萧明稷点头,脚步虚浮,嘴唇干裂得起了皮。他想喘口气,刚张嘴,就被楚昭言一把按住脑袋,硬生生塞进人群后头。
集市已经热闹起来。卖菜的、挑水的、吆喝豆腐脑的,声音混成一片。摊子歪七扭八摆在路边,连个正经招牌都没有,锅碗瓢盆直接摆地上,鸡在人脚边啄食,狗在摊下抢骨头。
楚昭言扫了一圈——墙矮得连小孩都能翻过去,街上没几个穿官靴的,偶尔路过个差役,也是懒洋洋靠着墙根打哈欠,看都不看行人一眼。
“这儿没人管规矩。”他贴着萧明稷耳朵说,“但也别指望有人救你。”
萧明稷哼了一声,腿一软差点跪下,楚昭言眼疾手快把他架住,顺手从怀里摸出颗褐色药丸塞进他嘴里。
“嚼烂了咽。”
“啥味?”萧明稷皱眉。
“老鼠肉加野姜粉。”楚昭言面不改色,“提神。”
萧明稷差点吐出来,硬是憋住没吭声。
两人挪到药摊旁坐下。摊主是个瘸腿老头,眼皮耷拉着,手里搓着一把干草,见他们靠近也不理,自顾自往破陶罐里倒水。
楚昭言伸手讨了碗水,喝一口,酸涩得直咧嘴,但还是灌了半碗。他侧耳听着旁边两个农妇聊天。
“听说京城又抓了好些太医署的人。”一个妇人压低嗓门,“说是瘟疫是他们放的,朝廷要清算。”

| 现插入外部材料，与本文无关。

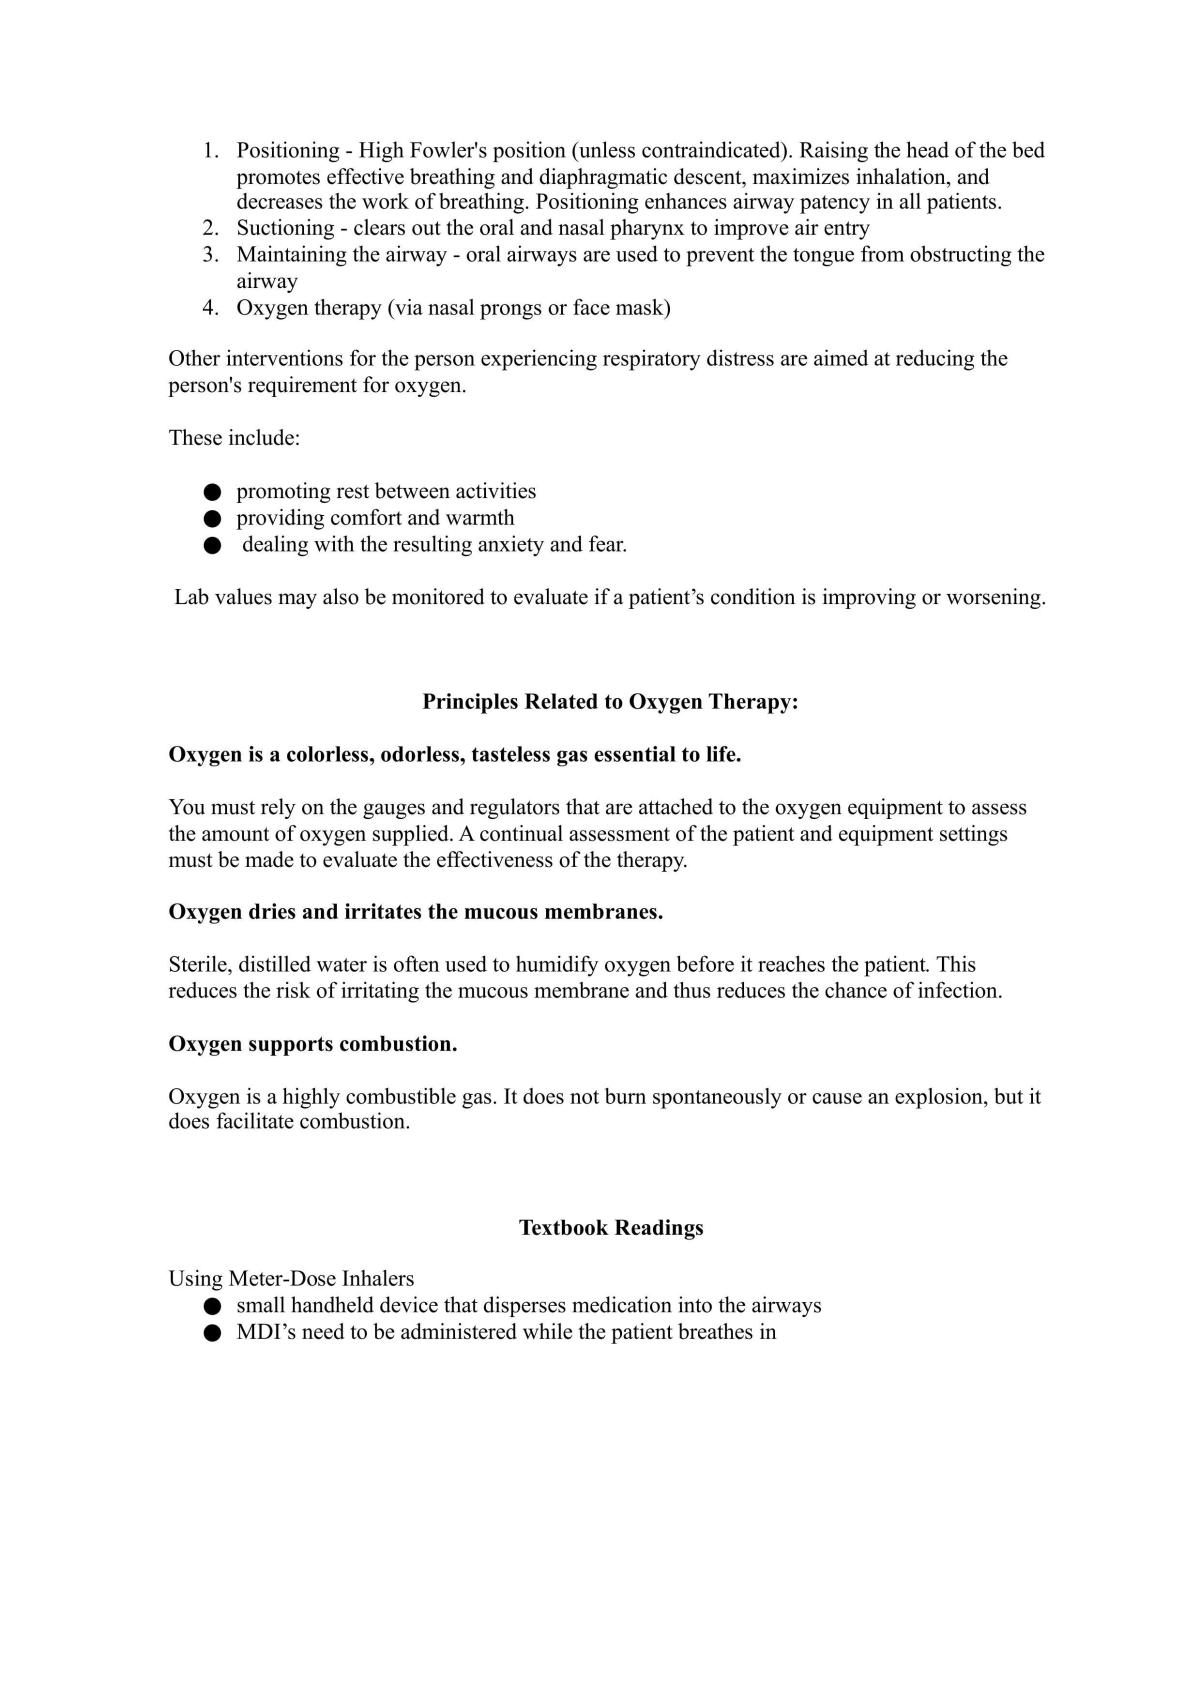 Clinical Techniques 1 Exam Review - Page 11

另一个冷笑:“关咱们屁事?咱这穷地方连税都收不上来,谁稀罕听那些?”
“可要是查到边上呢?”
“查到也白搭。这镇上的人,问十句九句装聋,剩下那句说瞎话。”
楚昭言低头喝水,不动声色把这话全听了进去。他眼角微动,忽然瞥见街口走进来两个人,穿着皂青短打,腰间佩刀,步子稳,眼神扫得勤,明显不是本地人。
他立马认出来——和昨夜山林里的斥候是一个路数。
楚昭言手一紧,药耙杆子硌进掌心。他不动声色把萧明稷往身后拉了半步,自己往前蹭了蹭,挡住对方视线。
那两人径直走向第一个摊位,开口就问:“可有见过这般模样的孩童?”一边说着,一边比划着身高,约莫三尺六寸,瘦小,背着个大药耙。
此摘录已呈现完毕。